(Information supplied Opens)

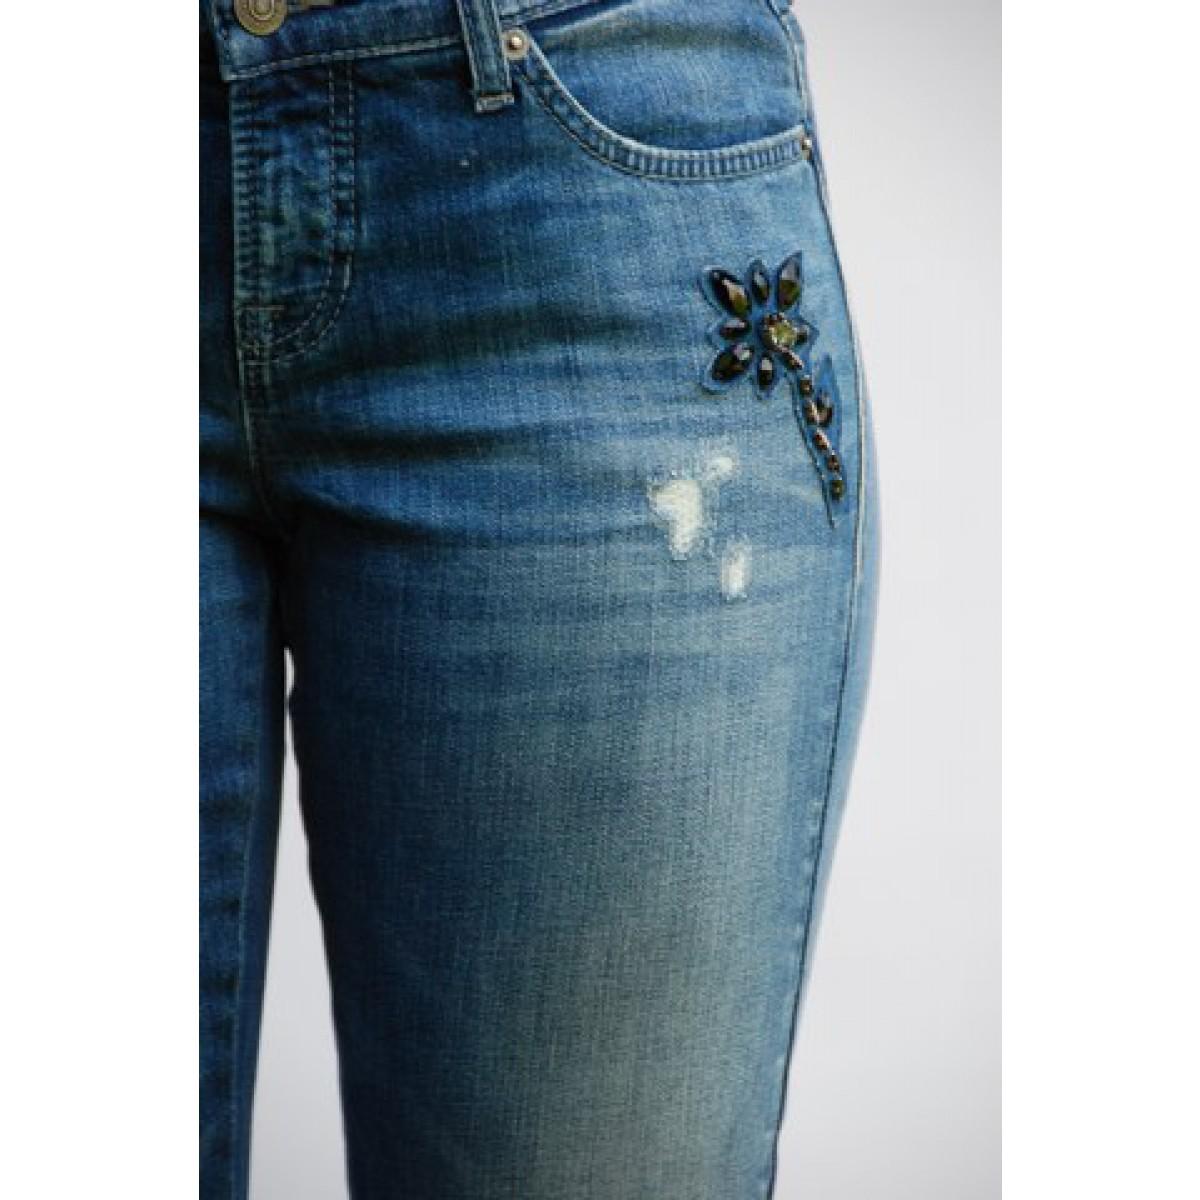 cambio jeans jeans cambio lili 0127 50 / 9105 / 5192 QMKPCGG
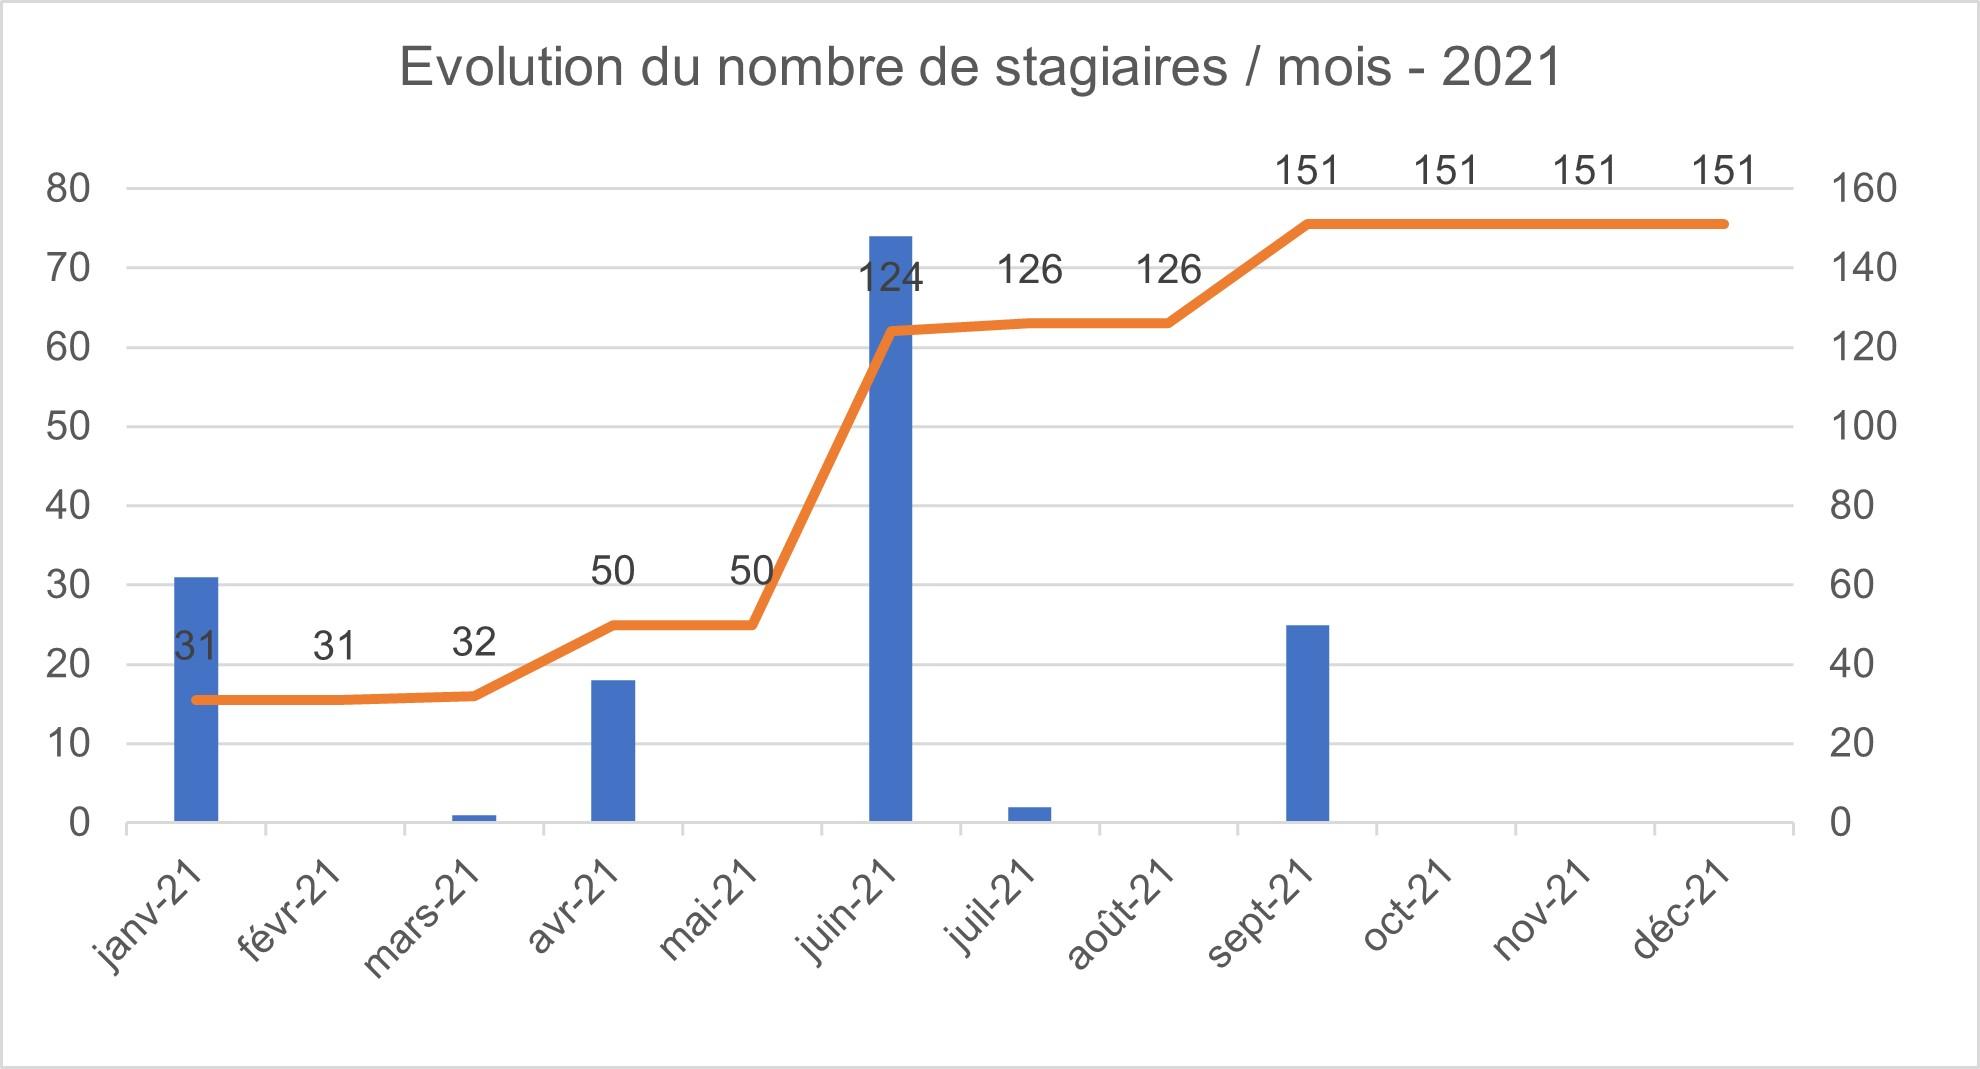 Évolution du nombre de stagiaires par mois en 2021 - Anne O Sens
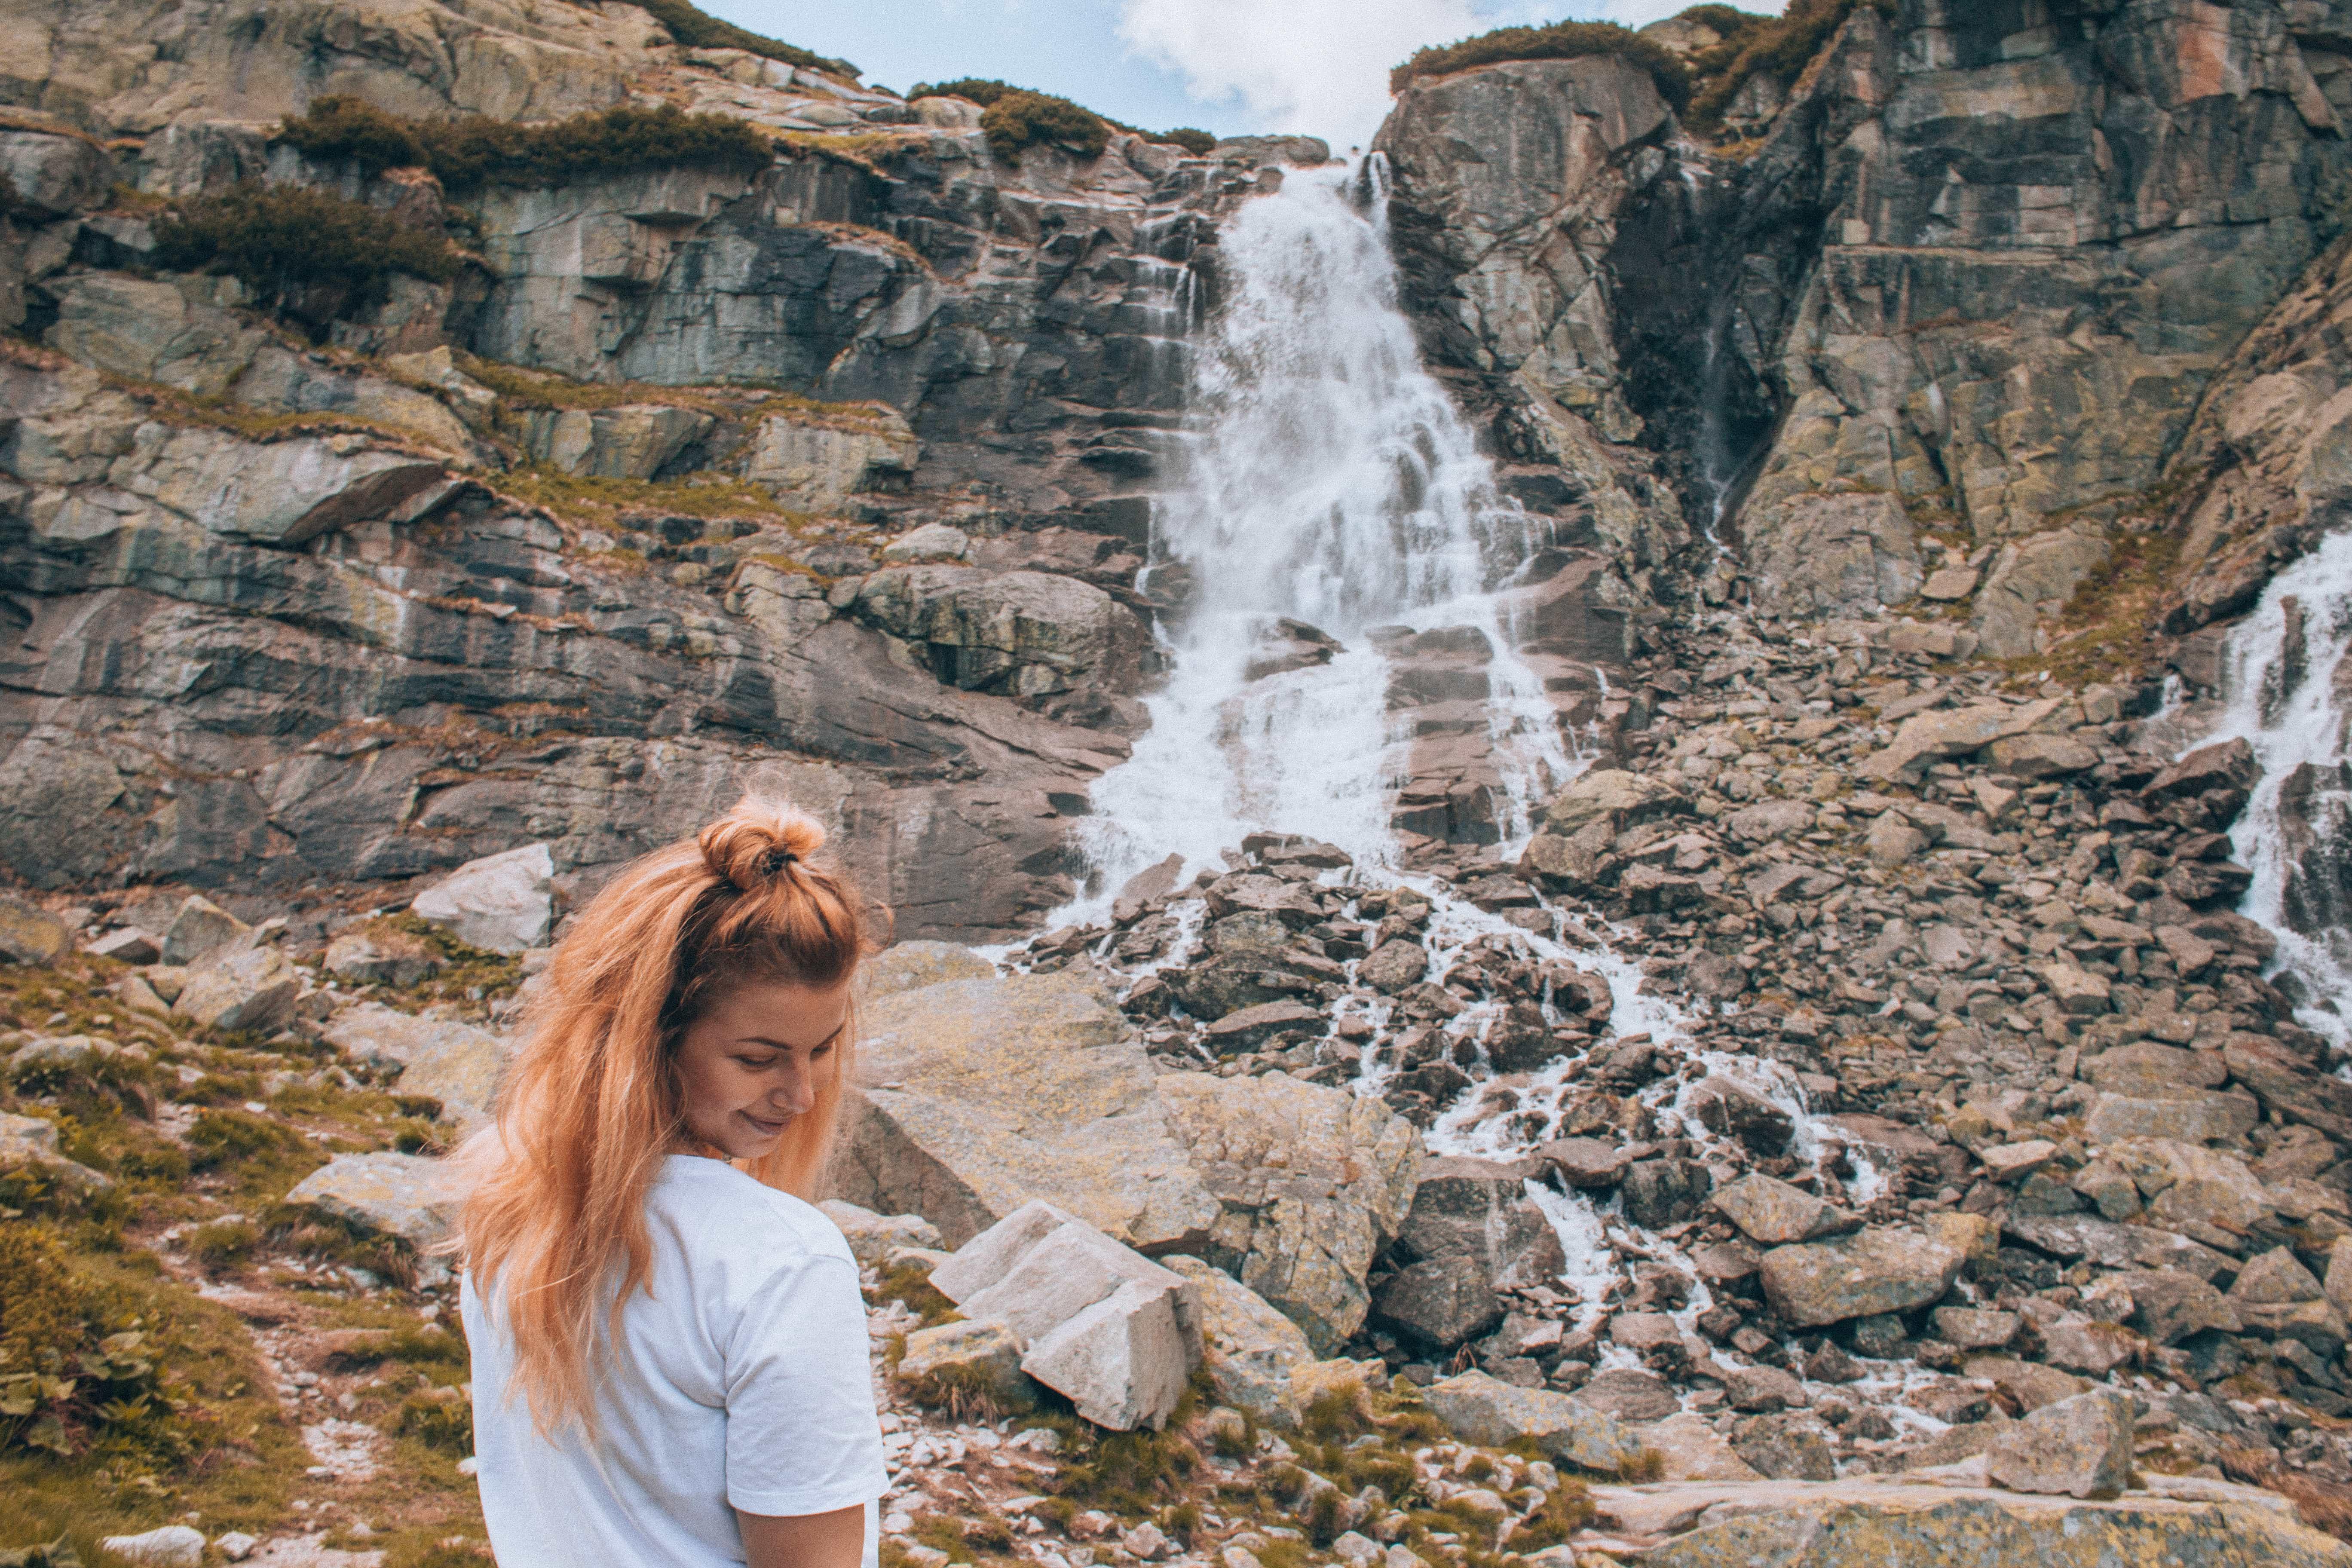 Luci taky chtěla fotku s vodopádem, ale už to není úplně státnické :D

(Information supplied Closes)

Problem to solve: Skip the pictures and write out exactly the lines from the line containing "Évolution du nombre" through the end of the listing above.

Written solution:
 Évolution du nombre de stagiaires par mois en 2021 - Anne O Sens
 Luci taky chtěla fotku s vodopádem, ale už to není úplně státnické :D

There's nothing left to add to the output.